Research output: Contribution to journal › Article › peer-review

9 Scopus citations

Abstract

Regulatory T cells (Tregs) promote immune homeostasis by maintaining self-tolerance and regulating inflammatory responses. Under certain inflammatory conditions, Tregs can lose their lineage stability and function. Previous studies have reported that ex vivo exposure to retinoic acid (RA) enhances Treg function and stability. However, it is unknown how RA receptor signaling in Tregs influences these processes in vivo. Herein, we employed mouse models in which RA signaling is silenced by the expression of the dominant negative receptor (DN) RARα in all T cells. Despite the fact that DNRARα conventional T cells are hypofunctional, Tregs had increased CD25 expression, STAT5 pathway activation, mTORC1 signaling and supersuppressor function. Furthermore, DNRARα Tregs had increased inhibitory molecule expression, amino acid transporter expression, and metabolic fitness and decreased antiapoptotic proteins. Supersuppressor function was observed when wild-type mice were treated with a pharmacologic pan-RAR antagonist. Unexpectedly, Treg-specific expression of DNRARα resulted in distinct phenotypes, such that a single allele of DNRARα in Tregs heightened their suppressive function, and biallelic expression led to loss of suppression and autoimmunity. The loss of Treg function was not cell intrinsic, as Tregs that developed in a noninflammatory milieu in chimeric mice reconstituted with DNRARα and wild-type bone marrow maintained the enhanced suppressive capacity. Fate mapping suggested that maintaining Treg stability in an inflammatory milieu requires RA signaling. Our findings indicate that RA signaling acts as a rheostat to balance Treg function in inflammatory and noninflammatory conditions in a dose-dependent manner.
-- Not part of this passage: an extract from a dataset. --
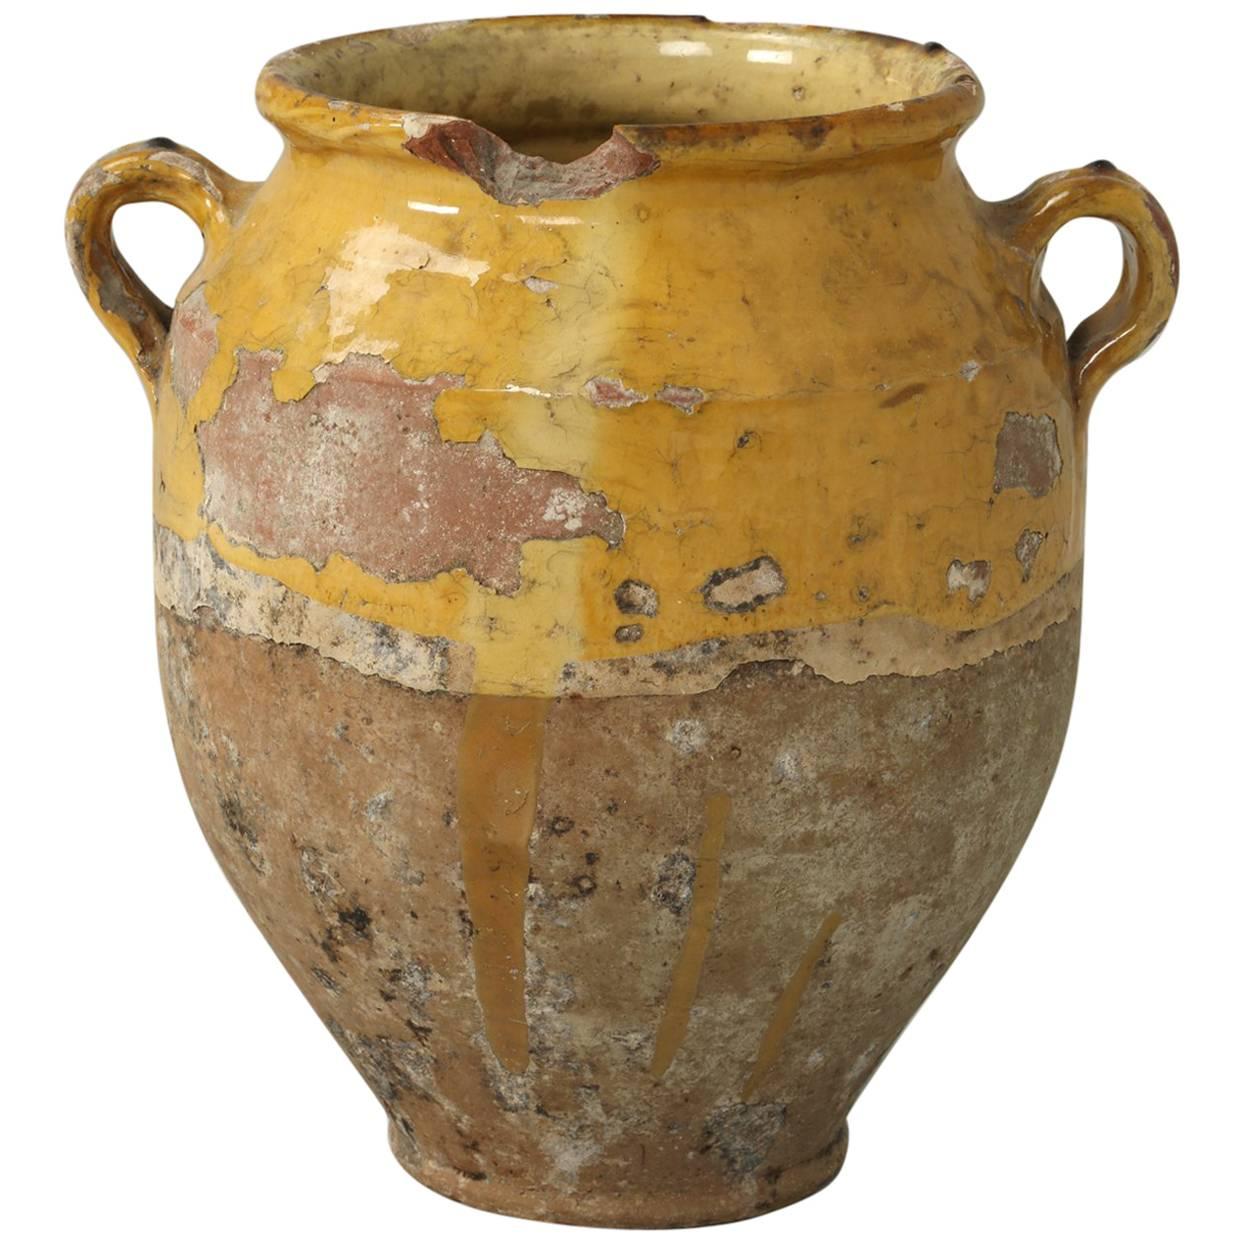 Antique French Confit Pot

Original language	English (US)
Pages (from-to)	820-833
Number of pages	14
Journal	Cellular and Molecular Immunology
Volume	19
Issue number	7
DOIs	https://doi.org/10.1038/s41423-022-00869-y
State	Published - Jul 2022

Bibliographical note

Funding Information:
BB receives remuneration as an advisor to Kamon Pharmaceuticals, Five Prime Therapeutics, Regeneron Pharmaceuticals, Magenta Therapeutics, and BlueRock Therapeuetics; research support from Fate Therapeutics, RXi Pharmaceuticals, Alpine Immune Sciences, Abbvie, the Leukemia and Lymphoma Society, the Children’s Cancer Research Fund, and the KidsFirst Fund and is a cofounder of Tmunity. The remaining authors declare that the research was conducted in the absence of any commercial or financial relationships that could be construed as a potential conflict of interest.

Funding Information:
We thank Brent Koehn and Nicole Chapman for critical reading of the manuscript, Jamie Panthera for excellent animal husbandry, and Ron Mc Elmurry, Christopher Less, Juan E. Abrahante Lloréns, and the UMN genomics center for technical assistance. This work was supported by grants from the National Institutes of Health, National Institute of Allergy and Infectious Diseases P01 AI056299, R37 AI034495 (BRB), and R01 AI091627 (IM) and the National Heart, Lung, and Blood Institute R01 HL56067 (BRB). This work was supported in part using the resources of the Center for Innovative Technology at Vanderbilt University. GT was supported by a Canadian Institutes of Health Research (CIHR) fellowship. Figures were created with Biorender.com.

Publisher Copyright:
© 2022, The Author(s), under exclusive licence to CSI and USTC.

Keywords

Autoimmunity
Metabolism
Retinoic acid
STAT5
Tregulatory cells
mTORC1
Animals
Signal Transduction
Immune Tolerance
T-Lymphocytes, Regulatory
Mice
Tretinoin/pharmacology

PubMed: MeSH publication types

Journal Article
Research Support, Non-U.S. Gov't
Research Support, N.I.H., Extramural

UN SDGs

This output contributes to the following UN Sustainable Development Goals (SDGs)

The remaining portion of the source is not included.